◆ **Information shown**:
------------------------------------
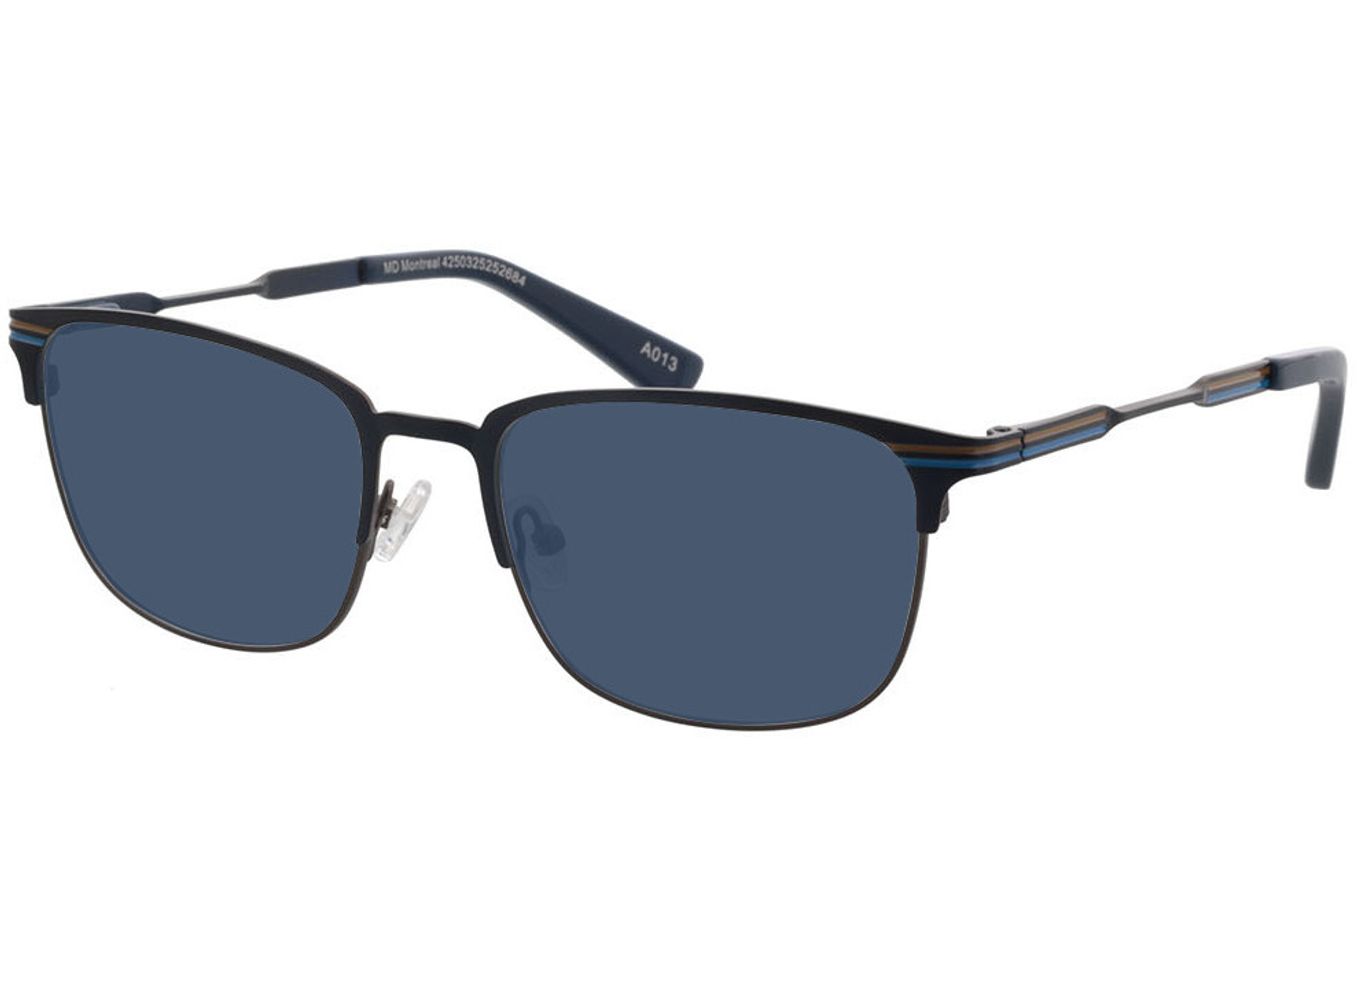 Montreal - blau Sonnenbrille ohne Sehstärke, Vollrand, Eckig von Brille24 Collection
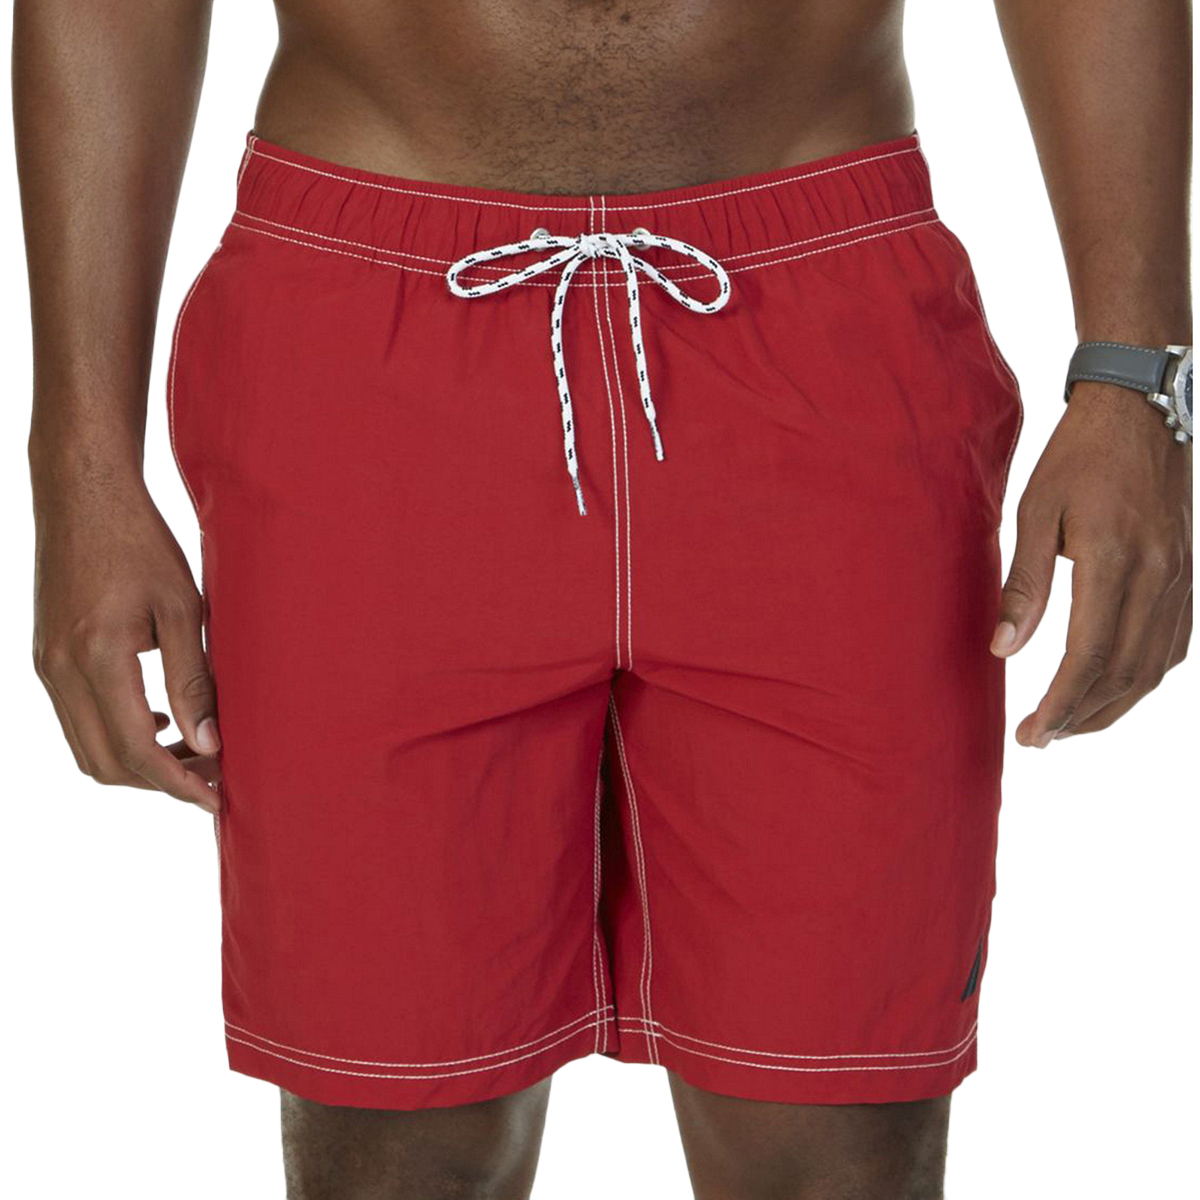 Nautica Men's Quick-Dry Signature Swim Trunks - Red, XL
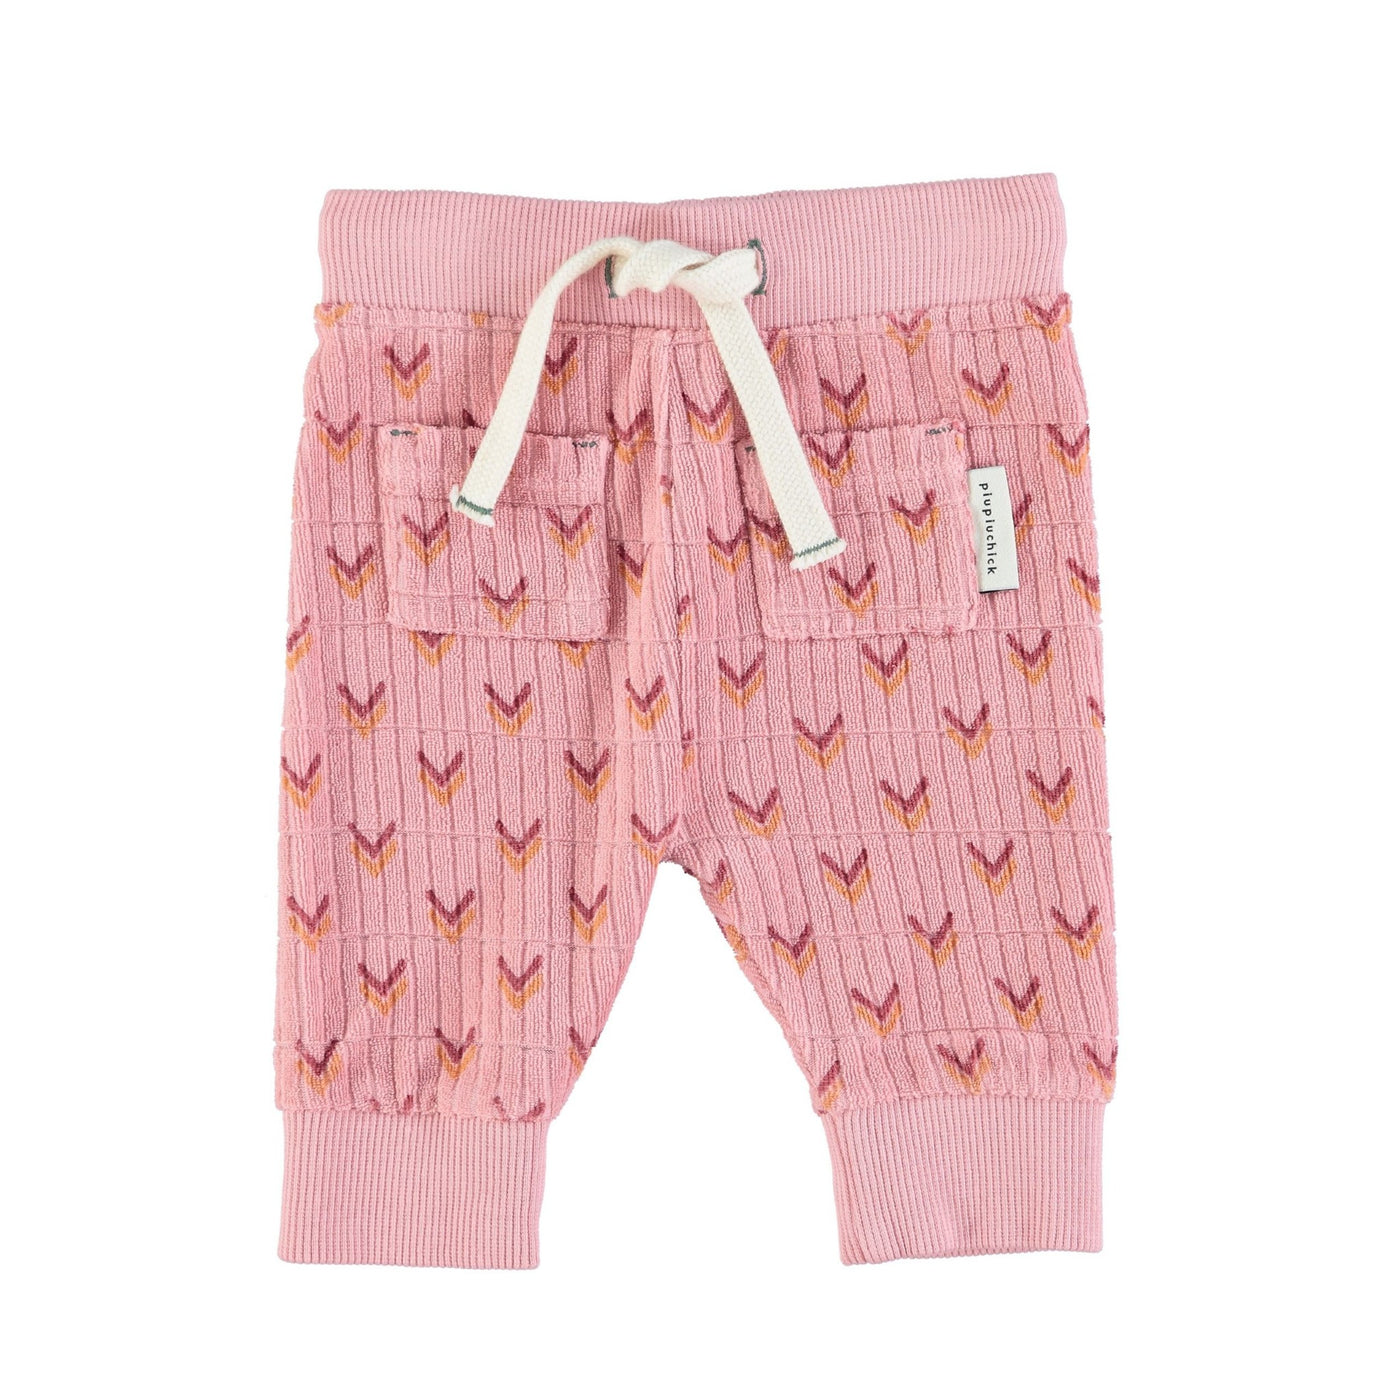 Piupiuchick pantalon bebé rosa con flechas multicolor
------------------------------------
◆ **What you will do**: Before copying the material, set its pictures aside; then transcribe it word for word.

◆ **Task result**:
 Montreal - blau Sonnenbrille ohne Sehstärke, Vollrand, Eckig von Brille24 Collection
 Nautica Men's Quick-Dry Signature Swim Trunks - Red, XL
 Piupiuchick pantalon bebé rosa con flechas multicolor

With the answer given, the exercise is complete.